There [in the West Indies] it was my lot to form a connection

with one who in time became my wife, and the mother of Cora.

She was the daughter of a gentleman of those isles, by a lady

whose misfortune it was. . . to be descended, remotely, from

that unfortunate class . . . enslaved to administer to the wants

of a luxurious people. (193)

Alice’s mother is a second, white wife of Munro. He is highly offended that Heyward would choose Alice over Cora and believes it is because of Cora’s dark origins. With Cora’s status in society firmly established as a mulatto, actions attributed to her earlier in the book become contextualized.

            When Cora, Alice, and Heyward embark on their journey into the dark, unknown forest, they are to be guided by a dark, unknown Indian guide, Magua. Alice expresses concern after “laughing at her own weakness_ for the shock she experiences at the sight of Magua: “Are such specters frequent in the woods, Heyward . . .? I like him not . . .” and she shuddered “partly in assumed, yet more in real terror” (18). Alice, as the white representation of feminine purity, plays her proper role. She expresses her unease to the male authority of the group. Cora, however, makes her own judgment: “Should we distrust the man because his manners are not our manners, and that his skin is dark!’ coldly asked Cora” (20). In this interaction, Alice is assuming the traditional feminine, maternal role of concern for the group through deference to male authority. Cora’s reaction is more a male role of brash acc eptance of what appears to be a rational solution. Unlike Alice, she does not appeal to Heyward for reassurance but responds to Alice’s concerns based on her own assessment. Rowlandson  juxtaposes her femininity of passive acceptance of her captivity as her meek acceptance of God’s judgment to Joslin_s aggressive, non-acceptance that leads to her early death. Cooper adapts this same technique to prove the acceptable feminine role by paralleling Alice’s passivity to Cora’s independence.

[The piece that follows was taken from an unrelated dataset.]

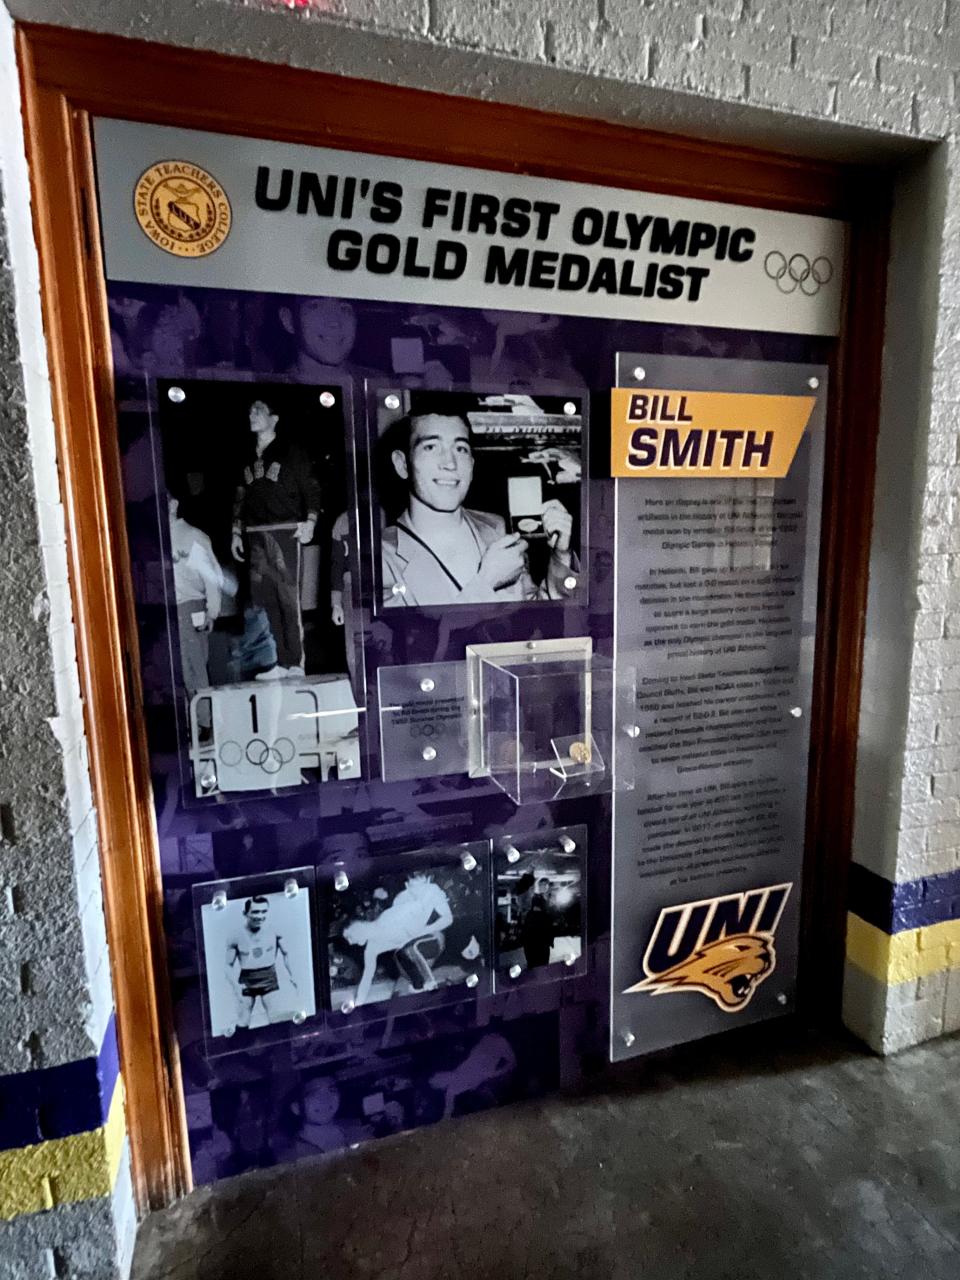 A picture inside Northern Iowa's historic West Gym commemorates Bill Smith, a former Northern Iowa wrestler who won gold at the 1952 Olympics in Helsinki.

              These types of juxtapositions aid in defining women through  a system that anthropologist Sherry B. Ortner has described as the “universal fact of female devaluation.” Pearson quotes her argument “that all cultures identify women with nature and men with culture itself: ‘Since it is always culture’s project to subsume and transcend nature, if women were considered part of nature, then culture would find it ‘natural’ to subordinate, not to say oppress, them” (684). Nature in its true presentation as wild and independent is difficult to subordinate and oppress, but nature perceived as controllable and dependent aligns better with the male structure of culture. Rowlandson’s independence as both author and person is undermined by a patriarchal society, which demands that her captivity experience be ordained by a male authority. Cora’s independence is undermined by comparison to her white, passive sister. Alice is the societal norm of womanhood that men have attempted to establ ish since Adam’s fall from grace at the beginning of mankind, while Cora projects chaos through both her racial mixing and her free-will. 

            Heyward and Cora are both proven wrong in their acceptance of Magua as guide into the unknown. He soon turns on the group and rejoins his native tribe that is allied with the French, not the British. Heyward appeals to Hawk-eye for guidance in the forest and it is decided to refuge in a place known to the scout to wait out the night. Before the group retires, they stop for food and water. Uncas, the younger of the two Mohicans, acts “as attendant to the females.” While courteous to both women, “his dark eyes lingered on her [Cora’s] rich speaking countenance” (63). During their stay in a hidden cave, the party is under siege from Magua and his tribe. At Cora’s insistence, again male characteristics of bravery and independence, Hawk-eye and the Mohicans are convinced to leave the others to seek help. Hawk-eye and Chingachgook have gone, but Uncas lingers behind. “Uncas will stay,” he informs Cora.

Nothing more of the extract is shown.